▶ Dataset extract
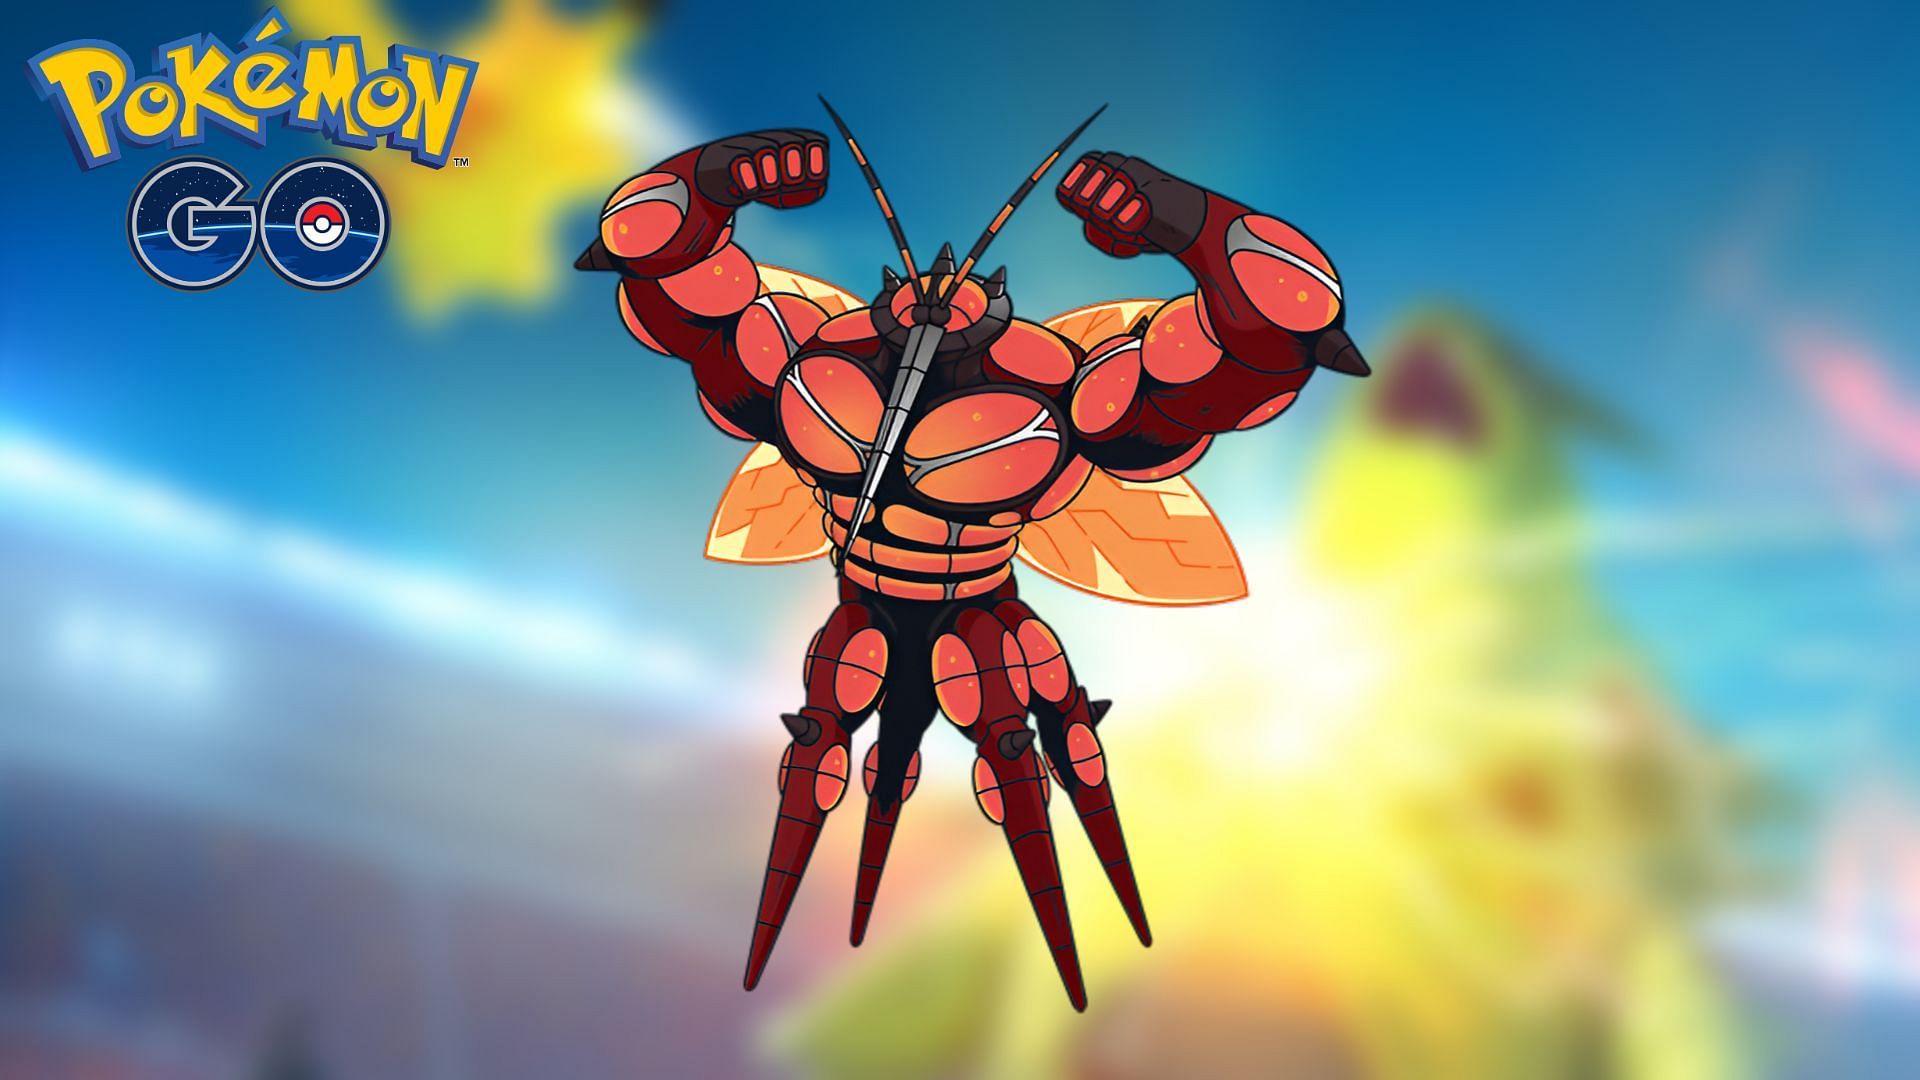 Buzzwole is a Bug/Fighting-type creature in Pokemon GO.
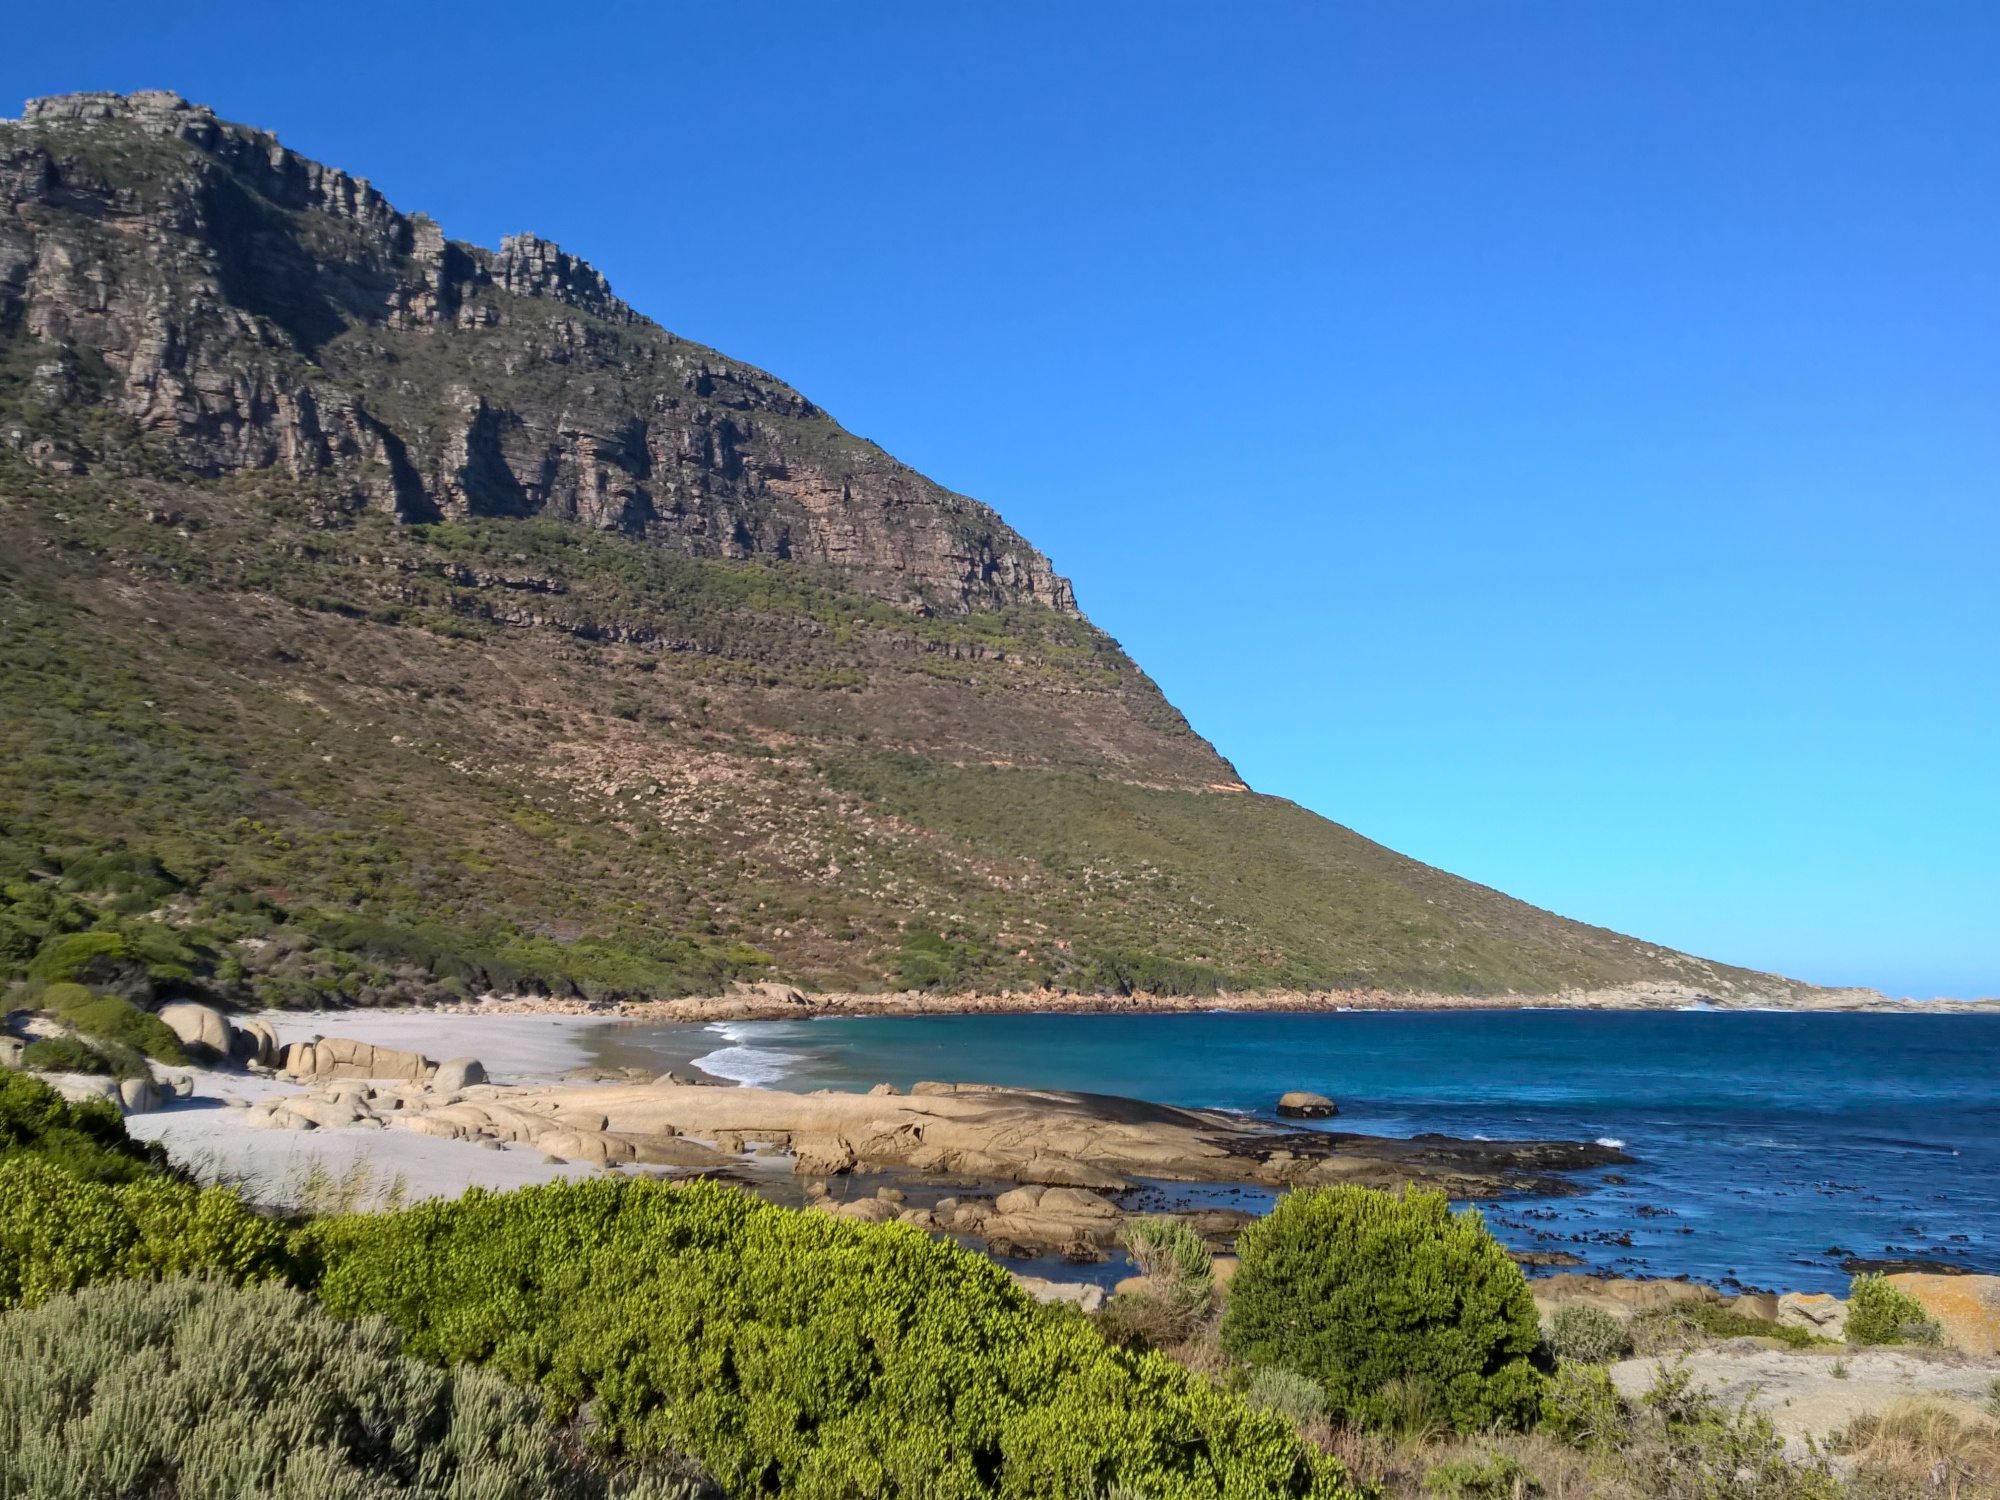 Sandy Bay, South Africa
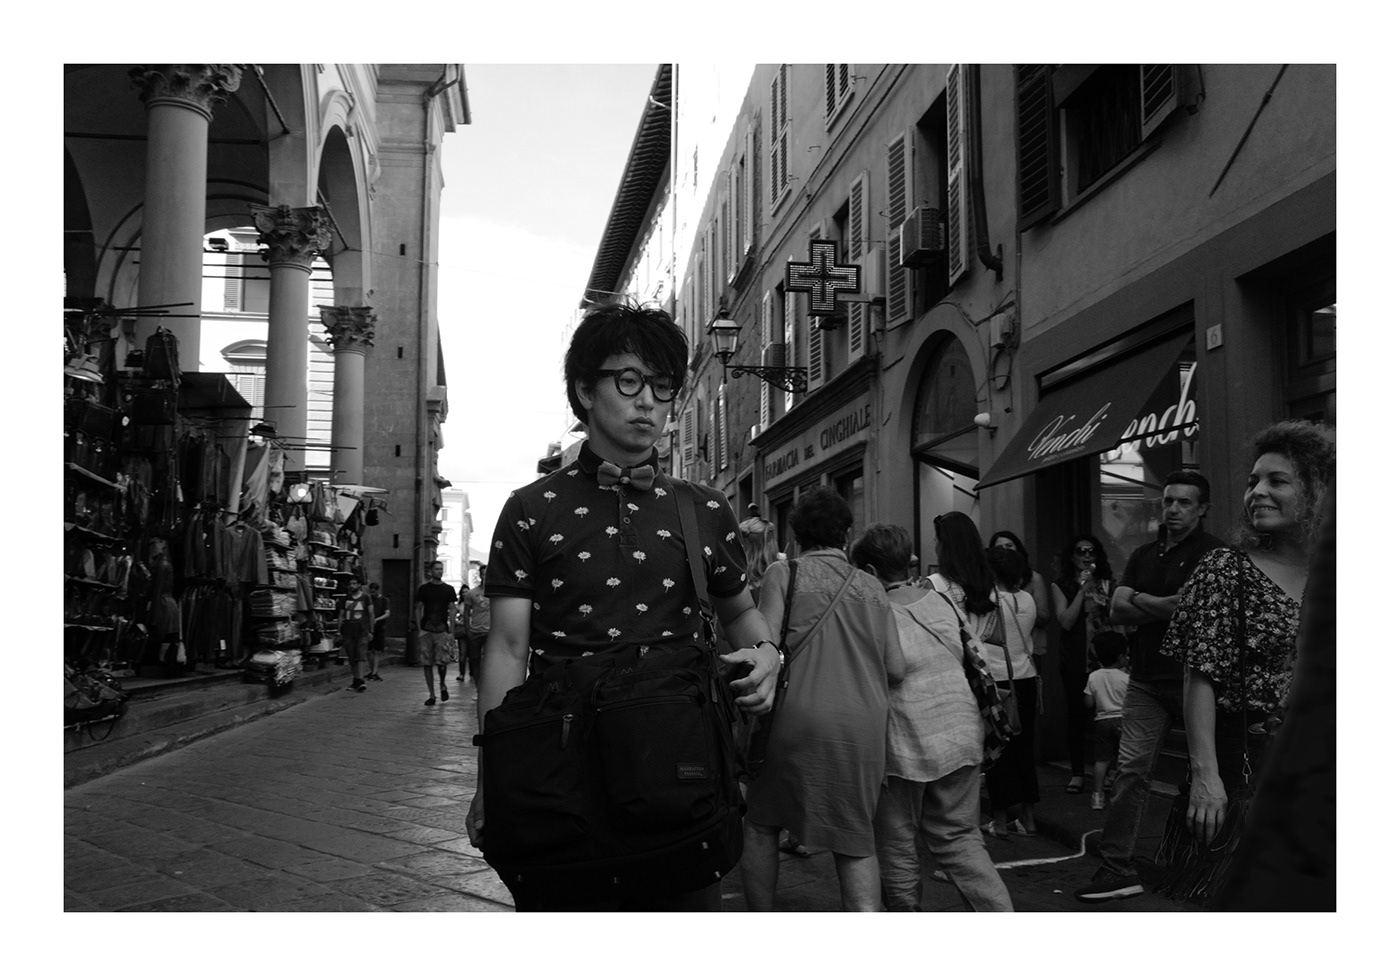 Street street photography black and white monochrome Urban people city Travel
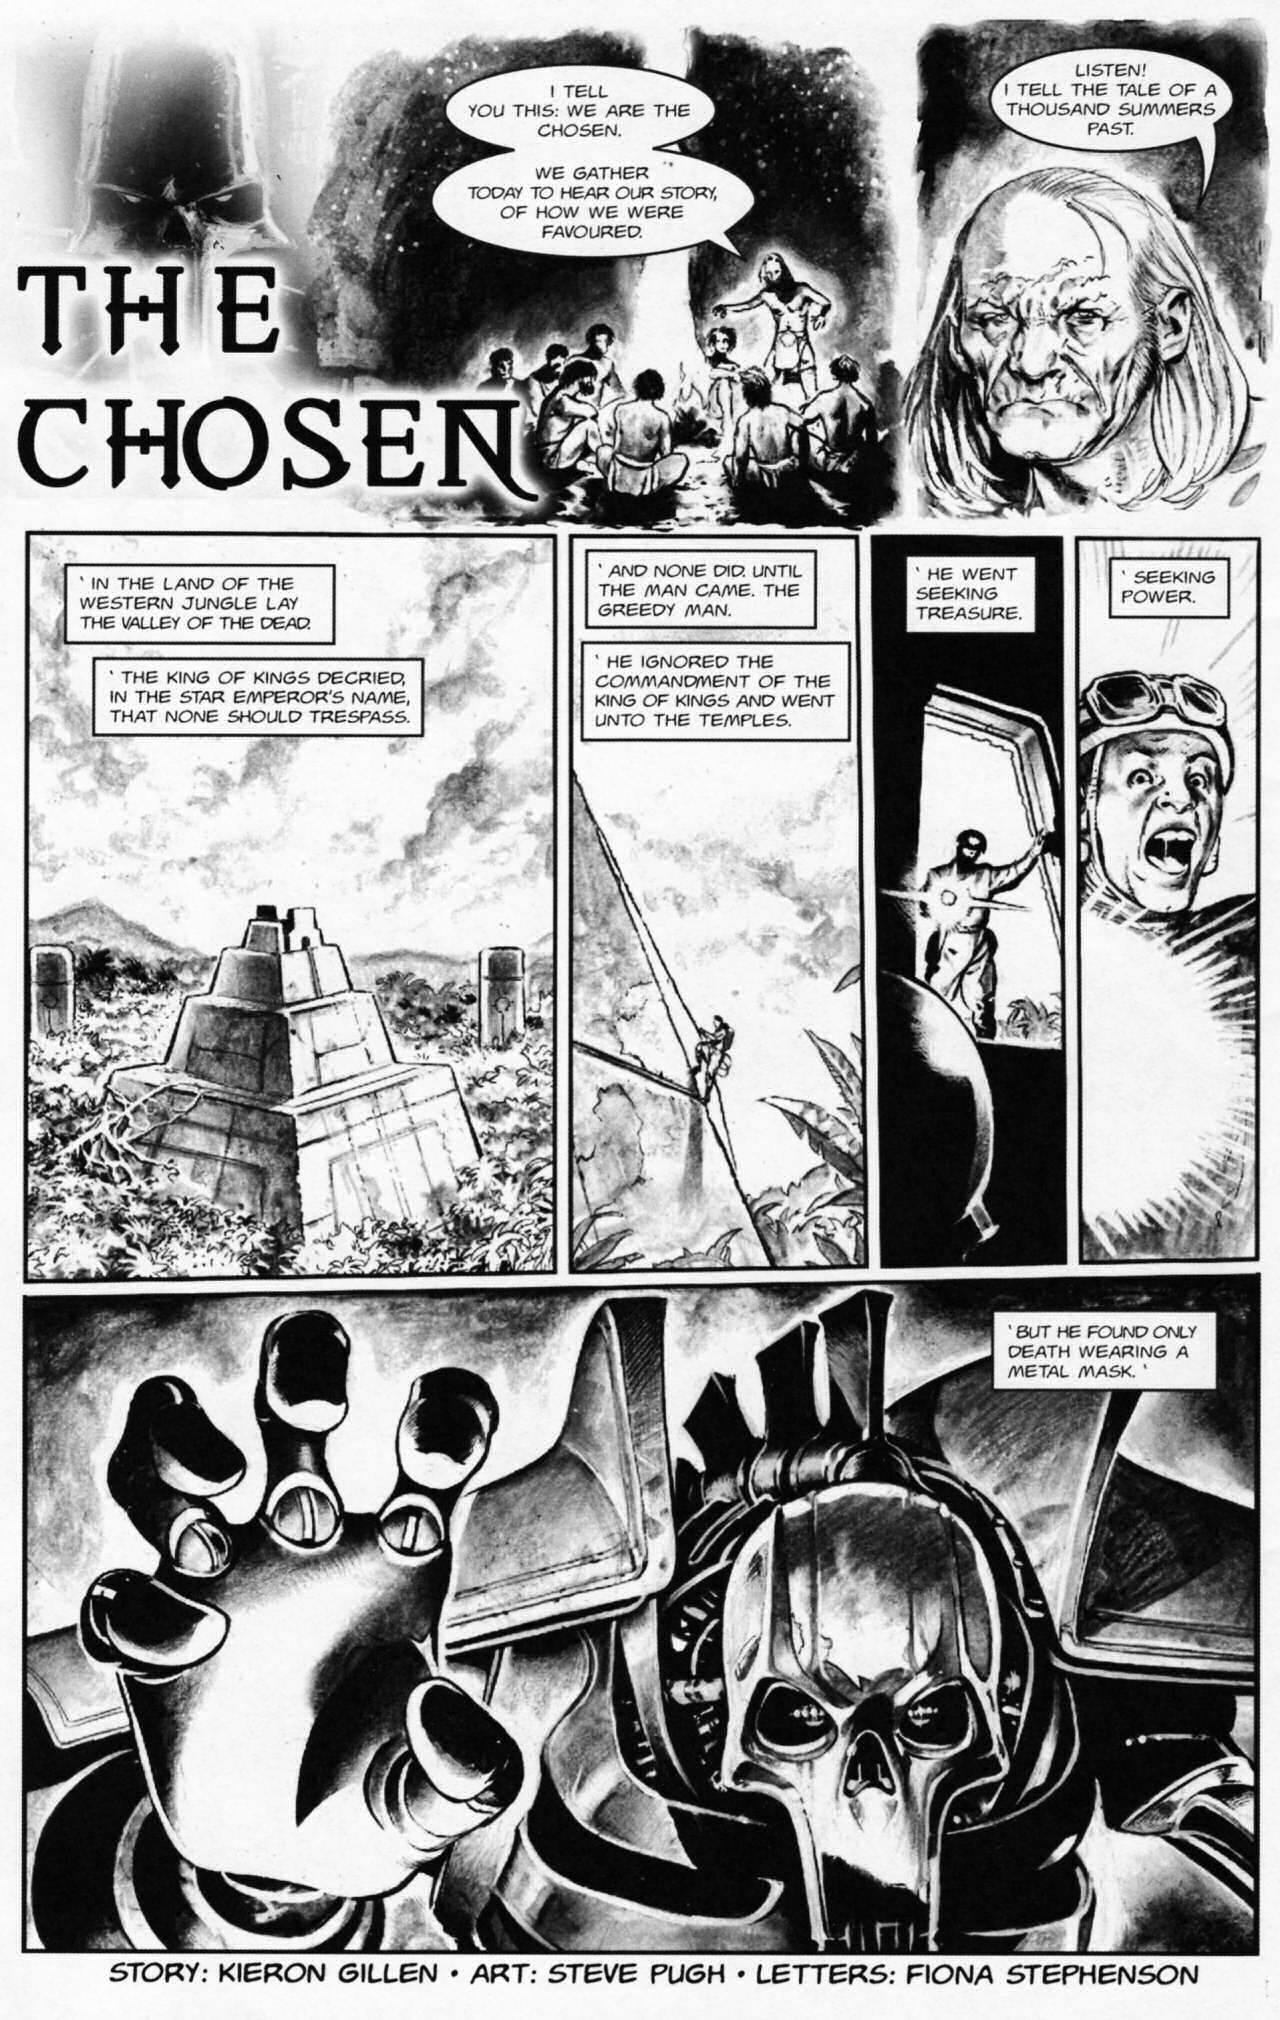 Warhammer Monthly Issue 83 - The Chosen by Kieron Gillen and Steve Pugh

▶ Assignment
Write the listing out again in full and unchanged, minus any pictures.

▶ Solution for this task
 Buzzwole is a Bug/Fighting-type creature in Pokemon GO.
 Sandy Bay, South Africa
 Street street photography black and white monochrome Urban people city Travel
 Warhammer Monthly Issue 83 - The Chosen by Kieron Gillen and Steve Pugh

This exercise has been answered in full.